Vitamin B12

What is Vitamin B12?

Vitamin B12, also known as cobalamin, is a water-soluble vitamin that plays an important role in many bodily processes. Vitamin B12 is not produced by the body, so it must be obtained through diet or supplements. Foods that are rich in vitamin B12 include meat, fish, dairy products, and fortified cereals.


Vitamin B12 is essential for the proper functioning of the nervous system and the formation of red blood cells, which help deliver oxygen to the brain. It plays a key role in the production of myelin, a fatty substance that surrounds and protects nerve cells. Myelin helps to speed up the transmission of nerve impulses and allows for efficient communication between nerve cells.

Studies have suggested that vitamin B12 may help improve cognitive function, particularly in older adults. One mechanism by which vitamin B12 may improve brain function is by reducing levels of homocysteine, an amino acid that can build up in the blood when vitamin B12 levels are low. High levels of homocysteine have been linked to an increased risk of cognitive decline and Alzheimer's disease.

Some people may be at risk of vitamin B12 deficiency, particularly vegetarians and vegans who do not consume animal products, as well as people with certain digestive disorders that affect nutrient absorption. Symptoms of vitamin B12 deficiency can include fatigue, weakness, numbness or tingling in the hands and feet, and difficulty with balance and coordination.

Vitamin B12 deficiency can lead to a range of neurological symptoms, including memory loss, confusion, and depression. In severe cases, it can cause nerve damage and even paralysis. For this reason, it is important to ensure that you are getting enough vitamin B12 through your diet or supplements.
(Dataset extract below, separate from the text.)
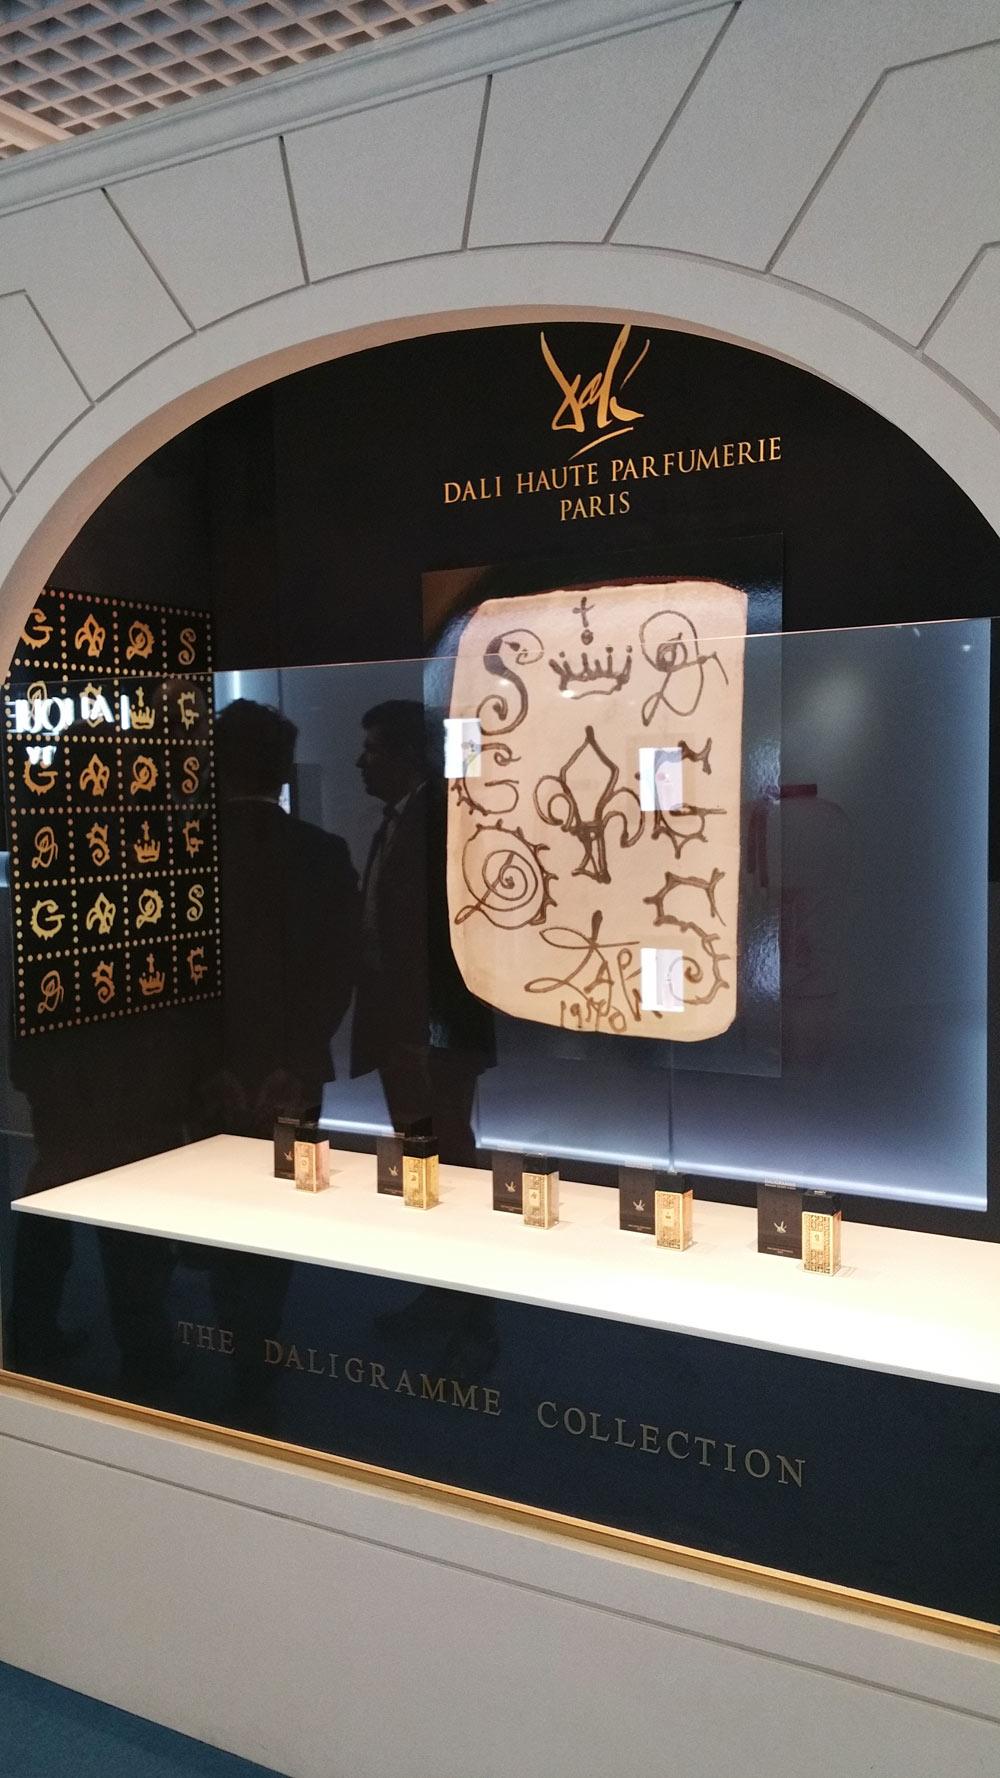 daligramme collection by salvador dali secret messages to gala new fragrances. Black Bedroom Furniture Sets. Home Design Ideas

Supplements of vitamin B12 are available in various forms, including tablets, capsules, gummies and injections. It is important to speak with a healthcare professional before starting any new supplement regimen.

Some potential health benefits of vitamin B12 include:

Improved cognitive function: Vitamin B12 is essential for the proper functioning of the nervous system and the formation of red blood cells, which help deliver oxygen to the brain. Some research suggests that vitamin B12 supplementation may help improve cognitive function, particularly in older adults.

Increased energy: Vitamin B12 is involved in the production of red blood cells, which help transport oxygen throughout the body. Some people may experience increased energy levels after taking vitamin B12 supplements.
Improved mood: Some studies have suggested that vitamin B12 may have mood-enhancing effects, particularly in people with depression and anxiety.

Reduced risk of certain health conditions: Vitamin B12 plays a role in DNA synthesis and the proper functioning of the nervous system, and some research has linked low levels of vitamin B12 to an increased risk of certain health conditions, including heart disease, Alzheimer's disease, and osteoporosis.

Improved skin health: Some research suggests that vitamin B12 may play a role in maintaining healthy skin, and that deficiency may be associated with skin problems such as acne, eczema, and dermatitis.

While some studies have suggested that vitamin B12 may have these health benefits, more research is needed to fully understand its effects on the body. Additionally, it is always recommended to speak with a healthcare professional before starting any new supplement regimen.